The Apache Software Foundation has announced that Apache Falcon has graduated from the Apache Incubator to a Top-Level Project. Falcon is a data processing and management solution for Apache Hadoop with a focus on data motion, data discovery, coordination of data pipelines, and life-cycle management.
“Apache Falcon solves a very important and critical problem in the Big Data space,” said Srikanth Sundarrajan, vice president of Apache Falcon. “Graduation to TLP marks an important step in progression of the project. Falcon has a robust road map to ease the pain of application developers and administrators alike in authoring and managing complex data-management and processing applications.”
More information about Apache Falcon is available here.
Canonical launches Ubuntu Core for the Internet of Things
Canonical has announced its Snappy Ubuntu Core will now be available for the Internet of Things, connected devices and autonomous machines. Ubuntu Core provides developers with a secure platform, reliable updates and access to the Ubuntu ecosystem.

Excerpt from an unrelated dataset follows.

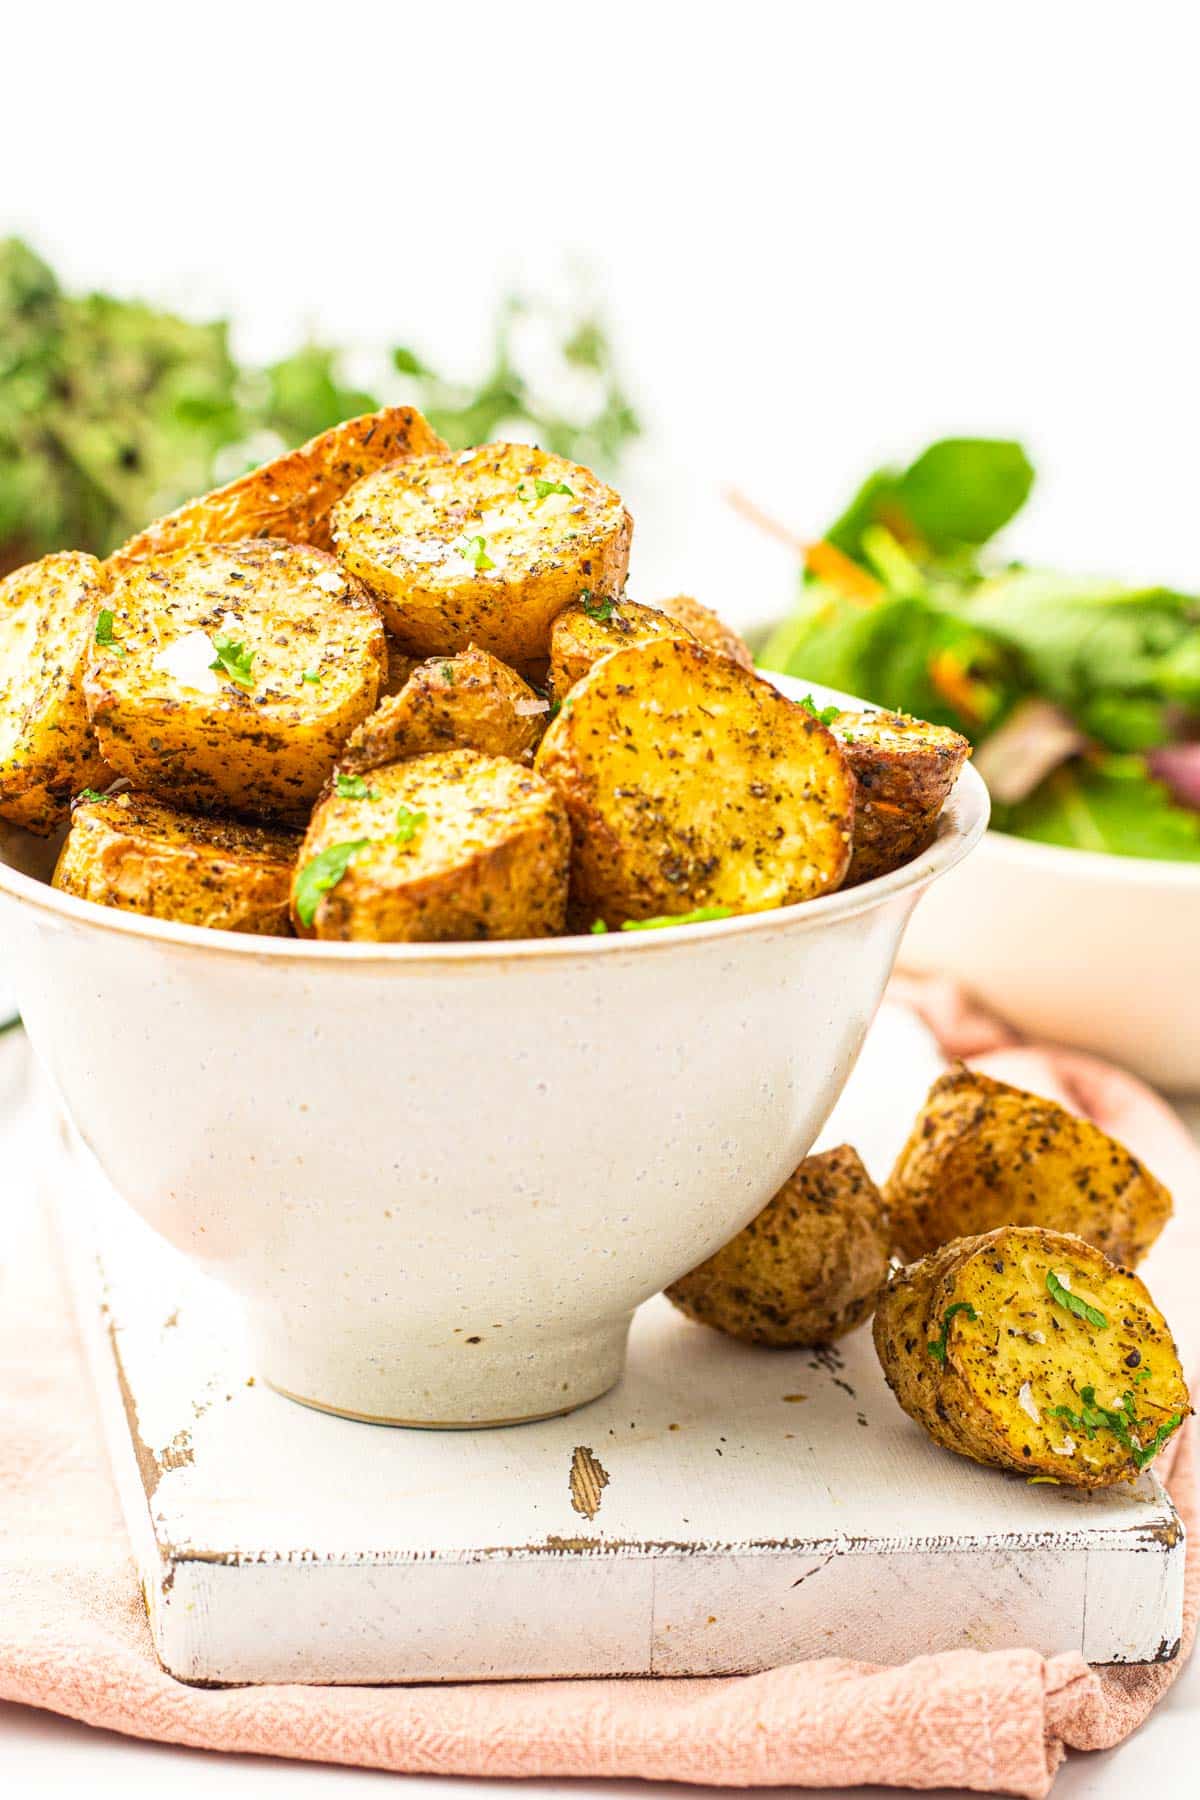 bowl full of chopped roasted potatoes covered in seasonings and parsley

“We are inspired to support entrepreneurs and inventors focused on life-changing projects,” said Mark Shuttleworth, founder of Ubuntu and Canonical. “From scientific breakthroughs by autonomous robotic explorers, to everyday miracles like home safety and energy efficiency, our world is being transformed by smart machines that can see, hear, move, communicate and sense in unprecedented ways.”
More information is available here.
Facebook open-sources AI tools for Torch
Facebook AI Research is open-sourcing its deep-learning modules for Torch, an open-source development environment designed for computer vision, machine learning and numerics. Torch is used in a number of academic labs and technology companies such as AMD, Google DeepMind, Intel, NVIDIA and Twitter, according to Facebook.
“Progress in science and technology accelerates when scientists share not just their results, but also their tools and methods,” wrote Soumith Chintala, AI researcher and software engineer at Facebook, on the company’s blog. “These modules are significantly faster than the default ones in Torch and have accelerated our research projects by allowing us to train larger neural nets in less time.”
The release will include GPU-optimized modules for large convolutional nets, networks with sparse activations, and CUDA-based models and containers.